» Source material
=== Section Start ===

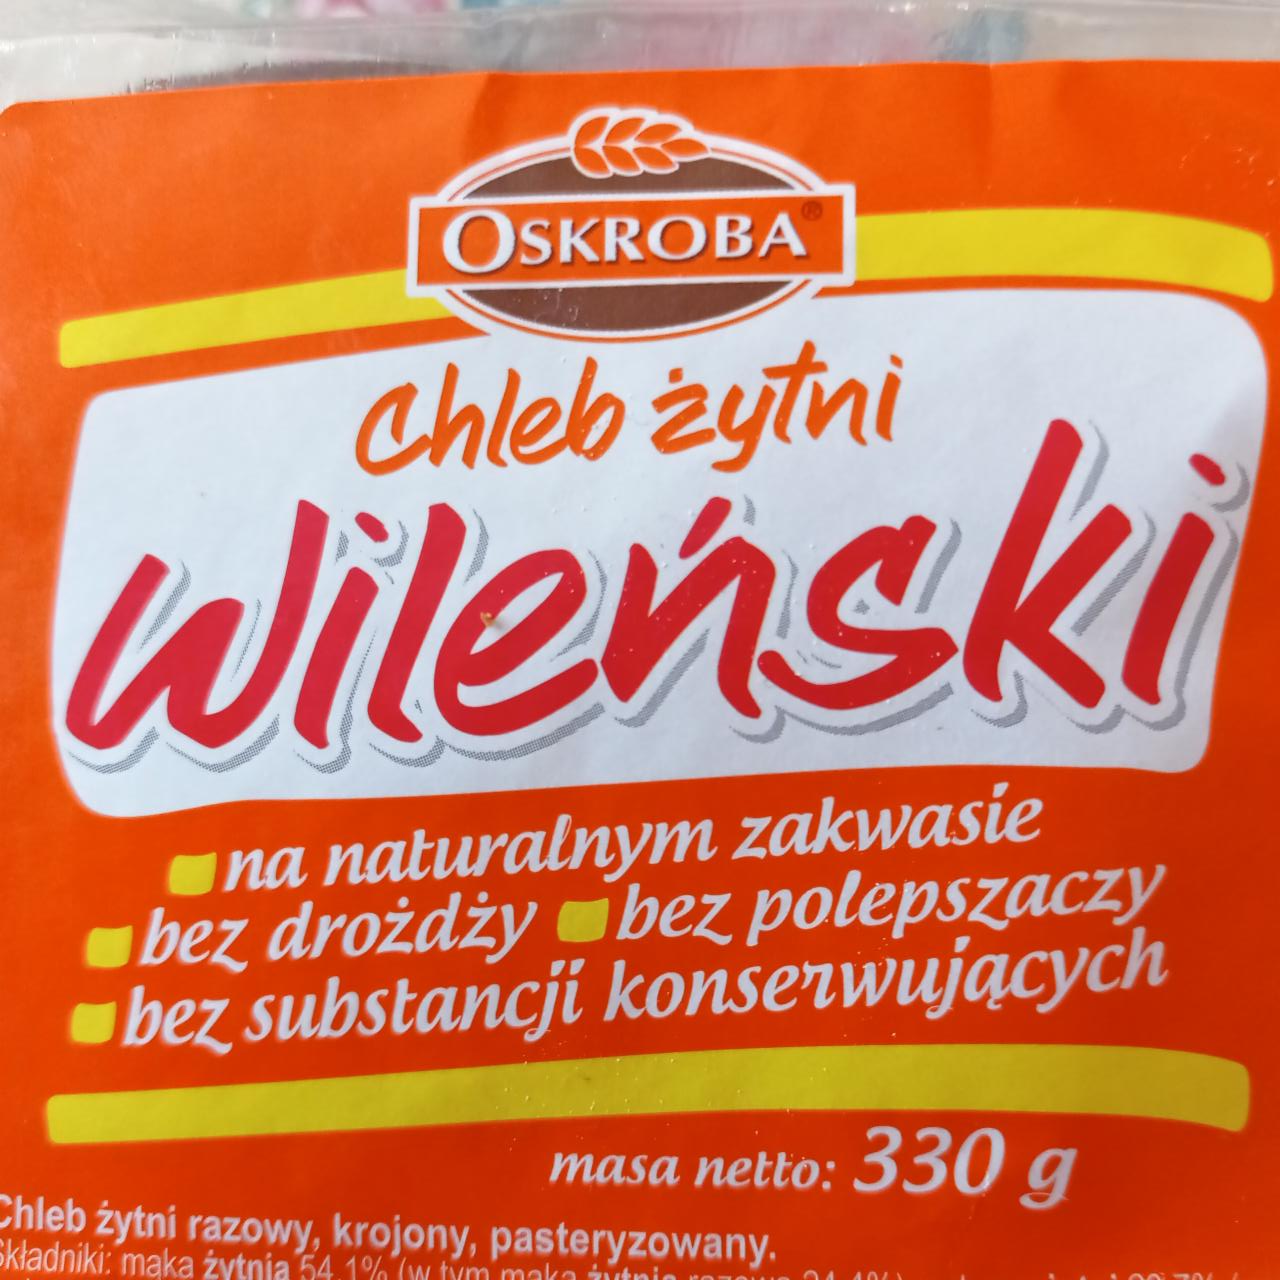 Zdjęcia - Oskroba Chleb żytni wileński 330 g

=== Section End ===
=== Section Start ===

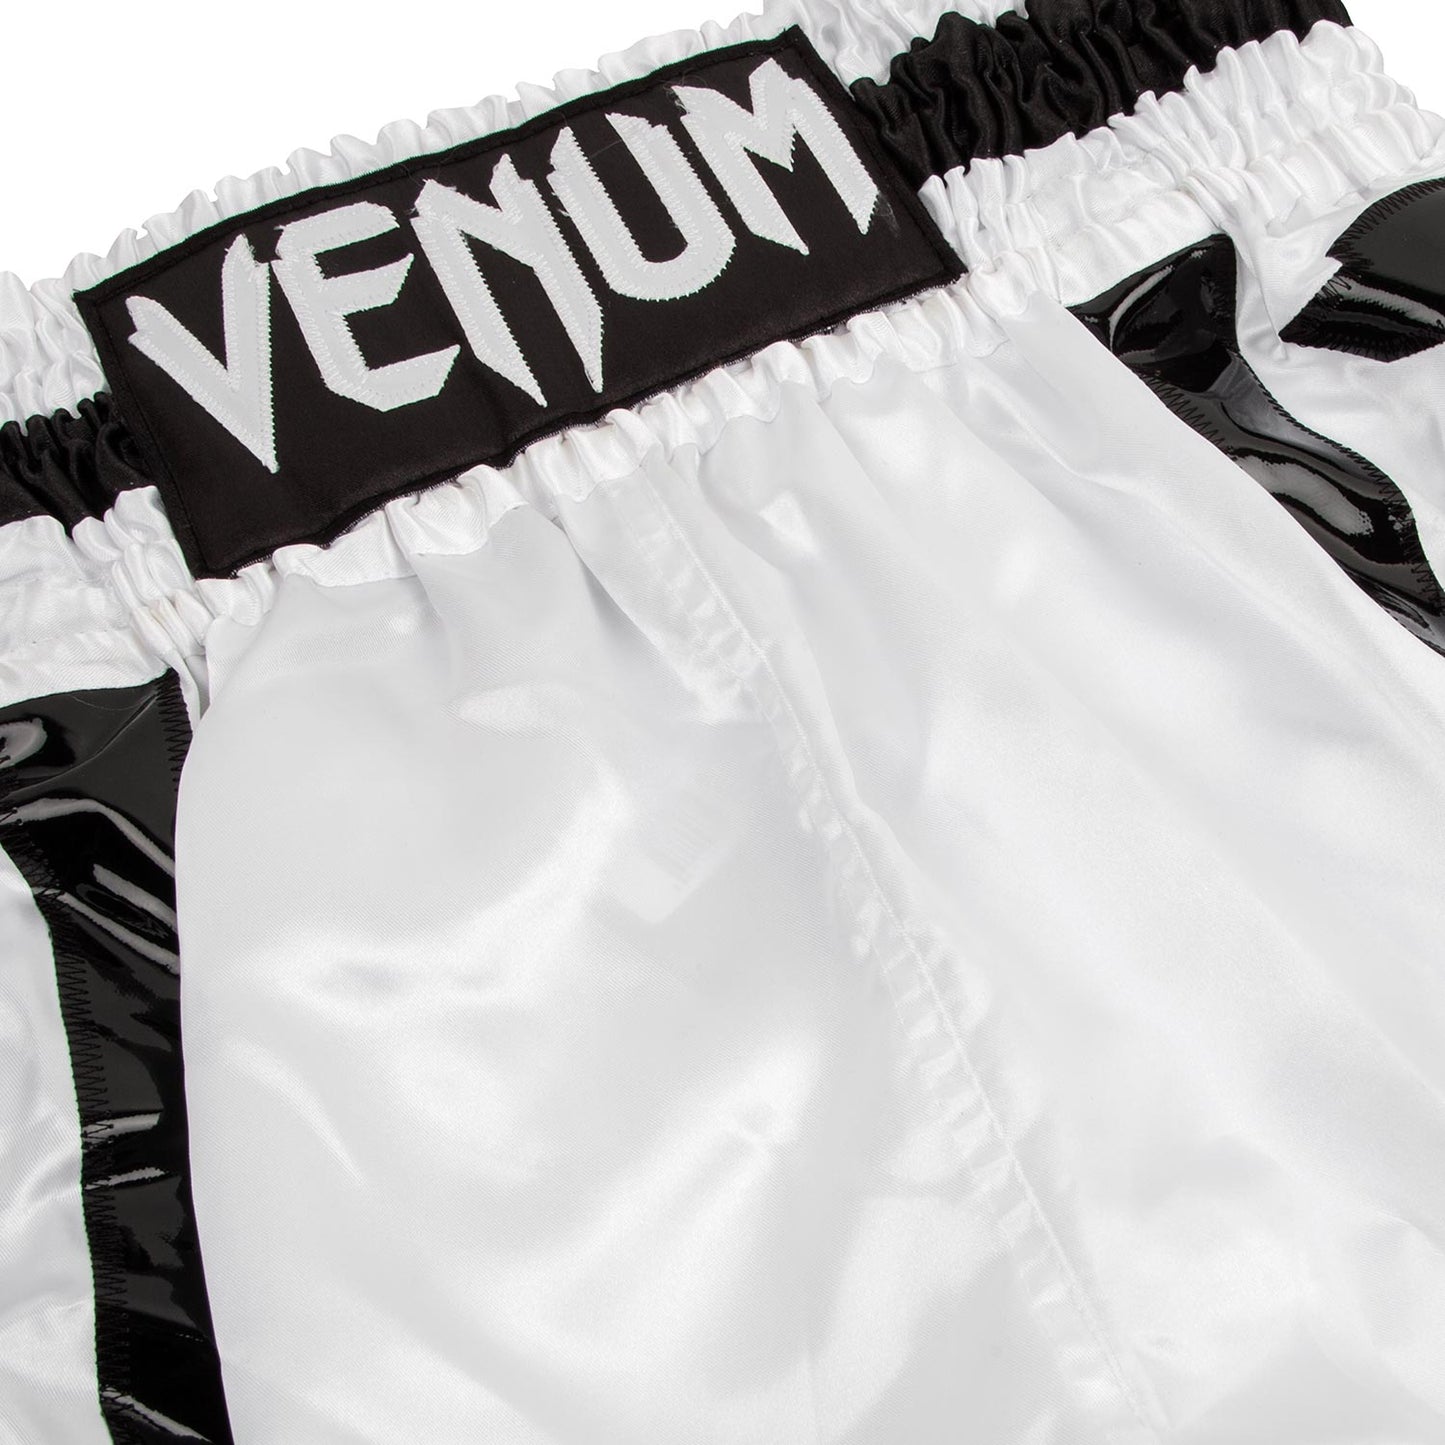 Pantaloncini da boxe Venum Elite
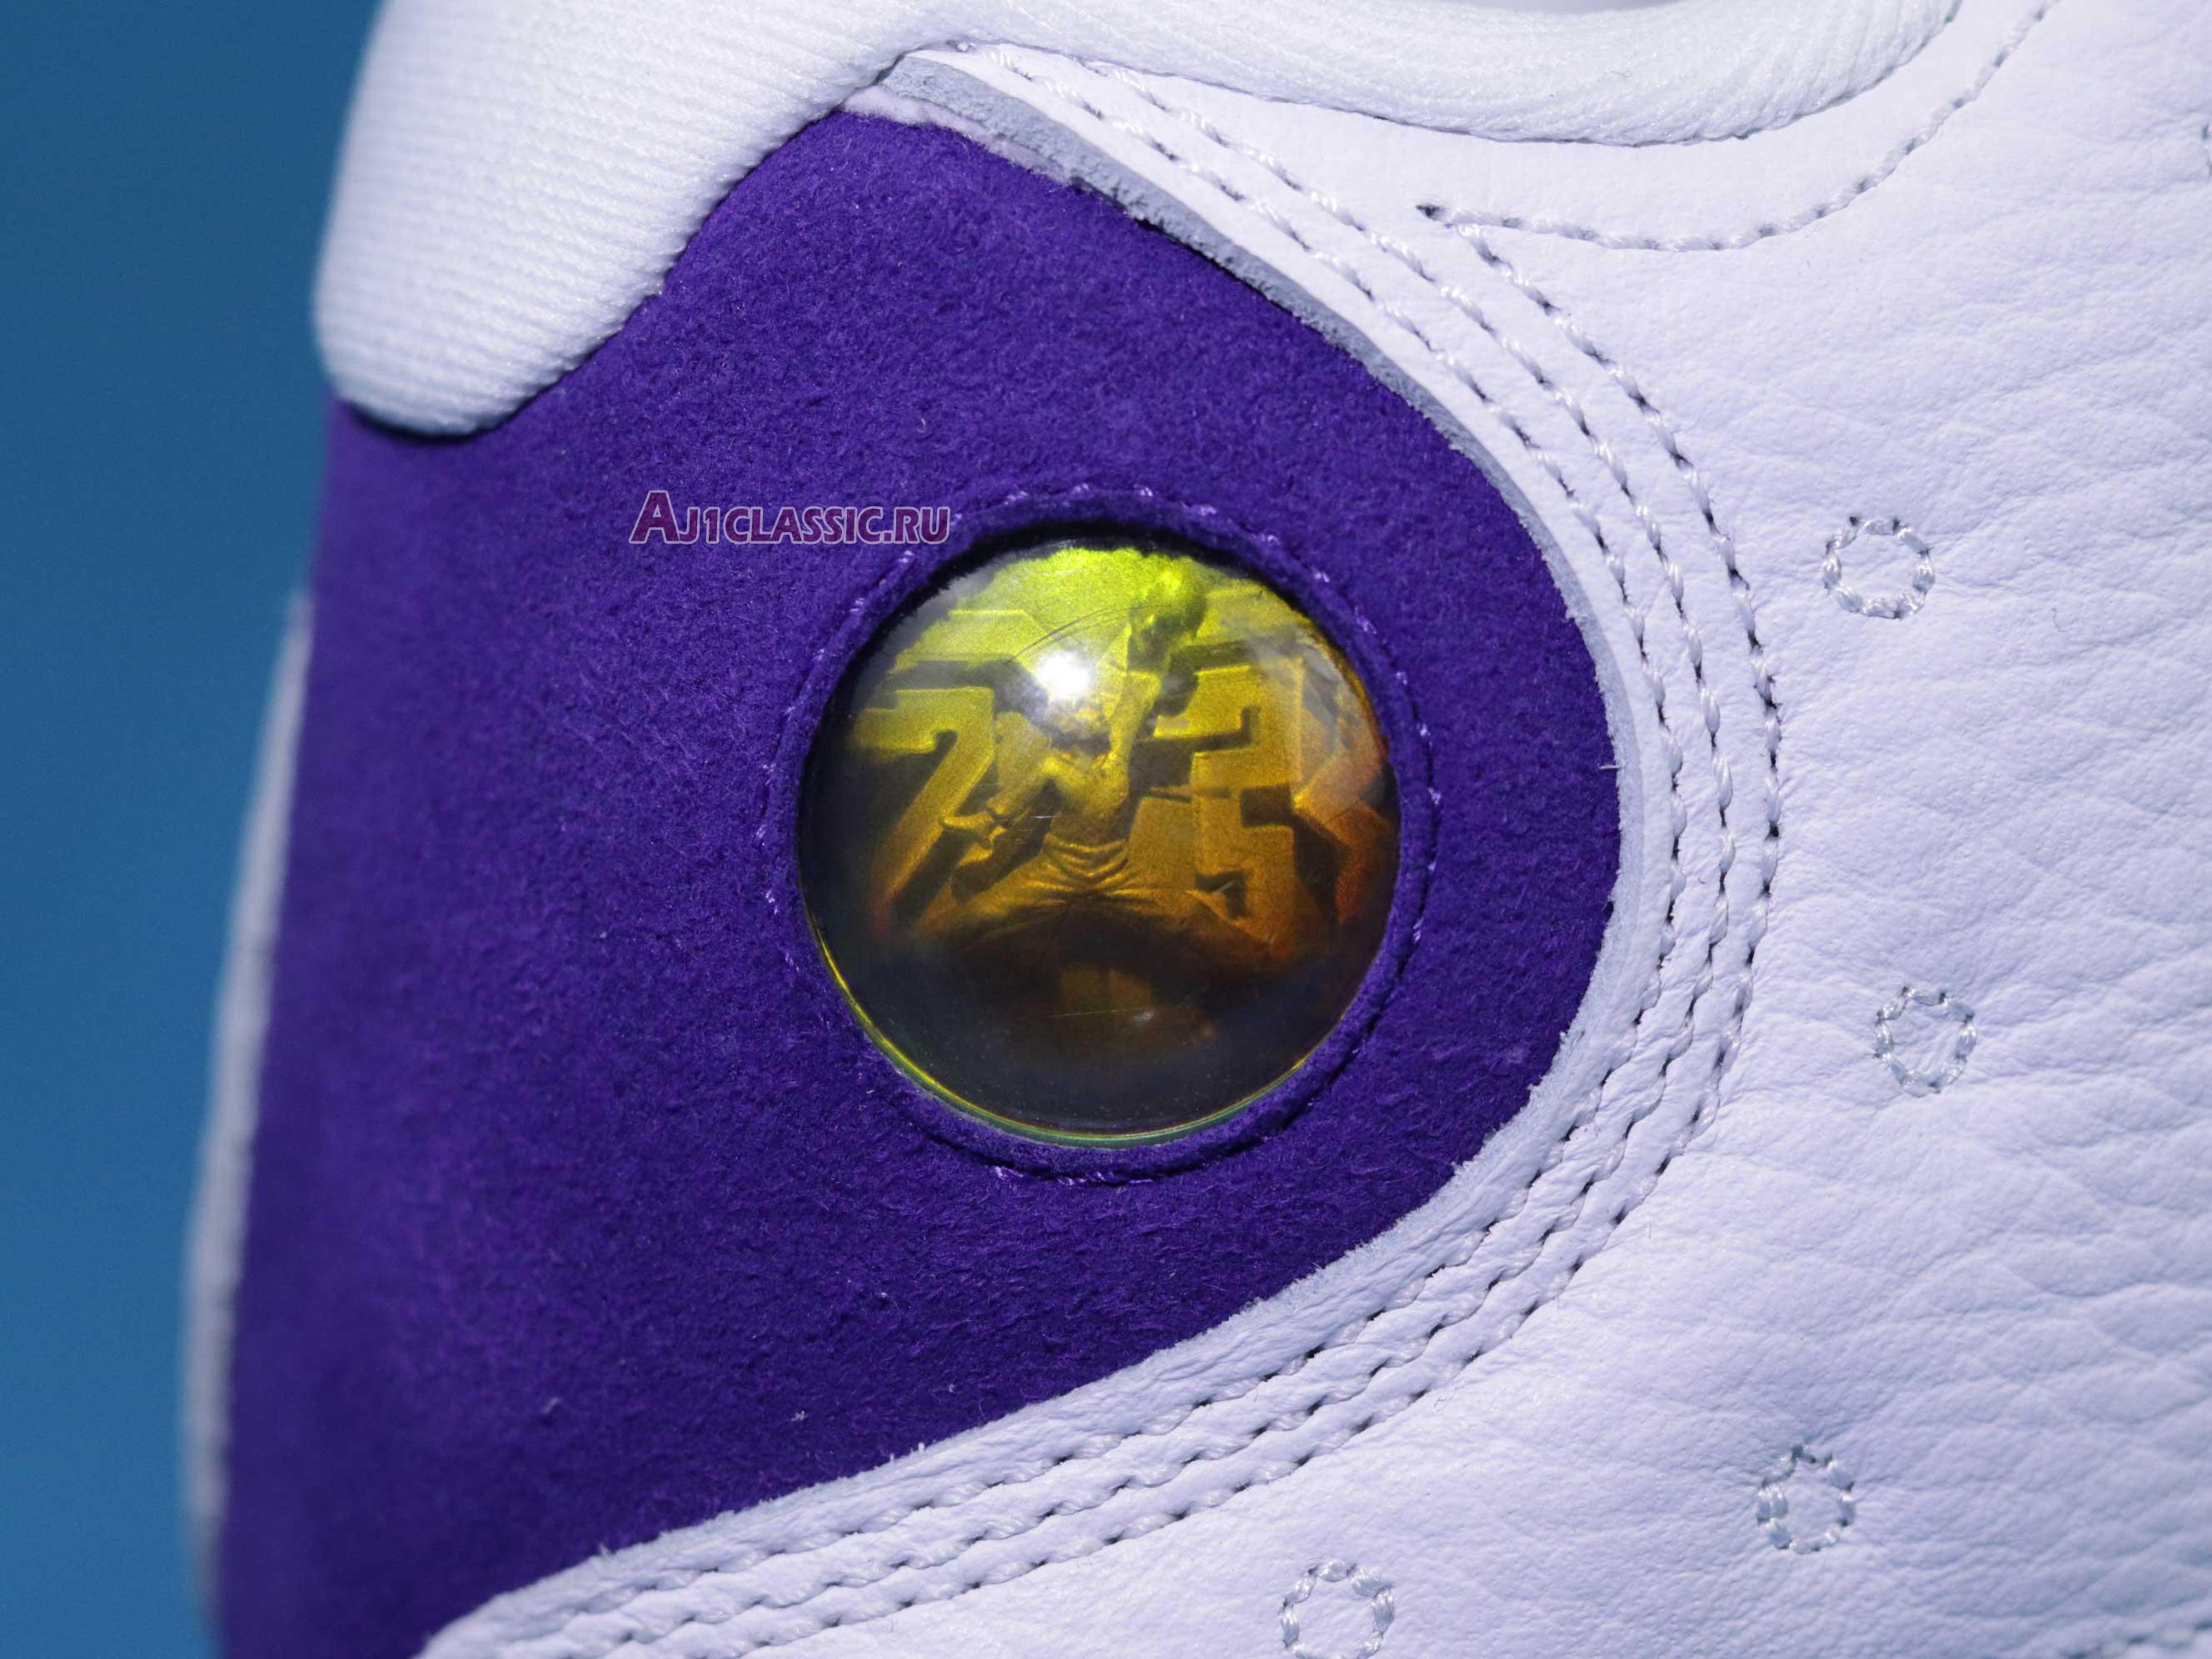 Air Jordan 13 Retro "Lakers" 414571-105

=== Section End ===

Print, word for word, the lines above that run from the line containing "Pantaloncini da boxe Venum Elite" to the line containing "Air Jordan 13", both included. Keep the pictures out.

 Pantaloncini da boxe Venum Elite
 Air Jordan 13 Retro "Lakers" 414571-105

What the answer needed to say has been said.